Risks: The economic and geopolitical environment presents several potential risks to the 2023 outlook.
- While indications are that there could be an easing of aggressive inflation-fighting interest rate hikes from early 2023, the risk of some economies falling into recession remains. Such a slowdown could affect demand for both passenger and cargo services. It would, however, likely come with some mitigation in the form of lower oil prices.
- The outlook anticipates a gradual re-opening of China to international traffic and the easing of domestic COVID-19 restrictions progressively from the second half of 2023. A prolongation of China’s Zero COVID policies would adversely affect the outlook.
- If proposals for increased infrastructure charges or taxes to support sustainability efforts are introduced, it could also eat away at profitability in 2023.
“The job of airline management will remain challenging as careful watch on economic uncertainties will be critical. The good news is that airlines have built flexibility into their business models to handle the economic accelerations and decelerations impacting demand. Airline profitability is razor-thin.

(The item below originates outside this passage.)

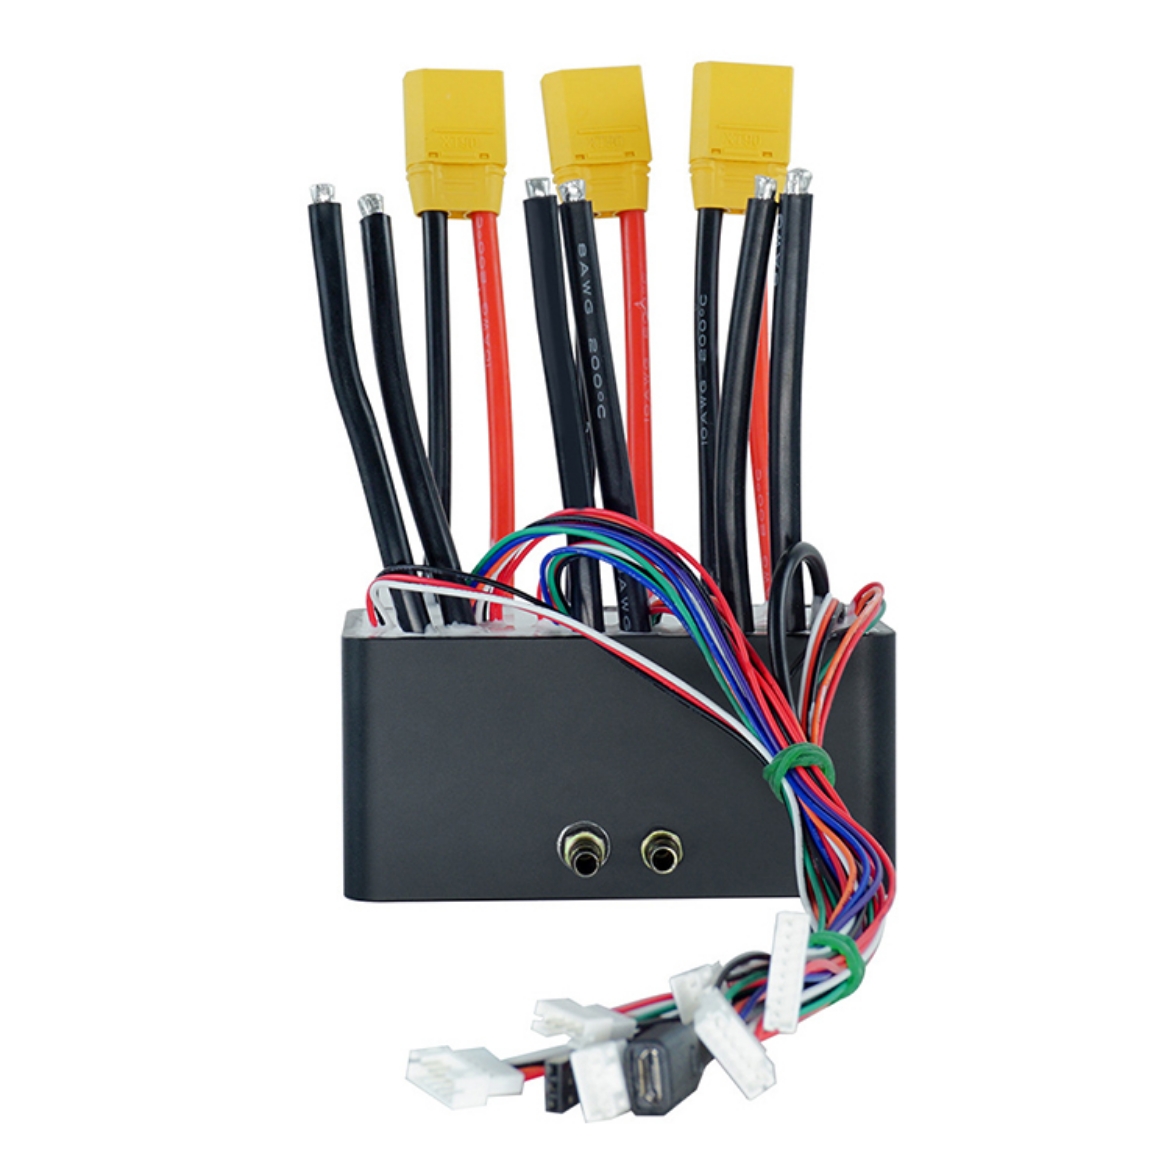 200A 3-16S Brushless ESC Controller, IP67 Waterpoof

“Each passenger carried is expected to contribute, on average just USD1.11 to the industry’s net profit. In most parts of the world, that’s far less than what is needed to buy a cup of coffee. Airlines must remain vigilant to any increases in taxes or infrastructure fees. And we’ll need to be particularly wary of those made in the name of sustainability. Our commitment is to net zero CO2 emissions by 2050. We’ll need all the resources we can muster, including government incentives, to finance this enormous energy transition. More taxes and higher charges would be counter-productive,” said Walsh.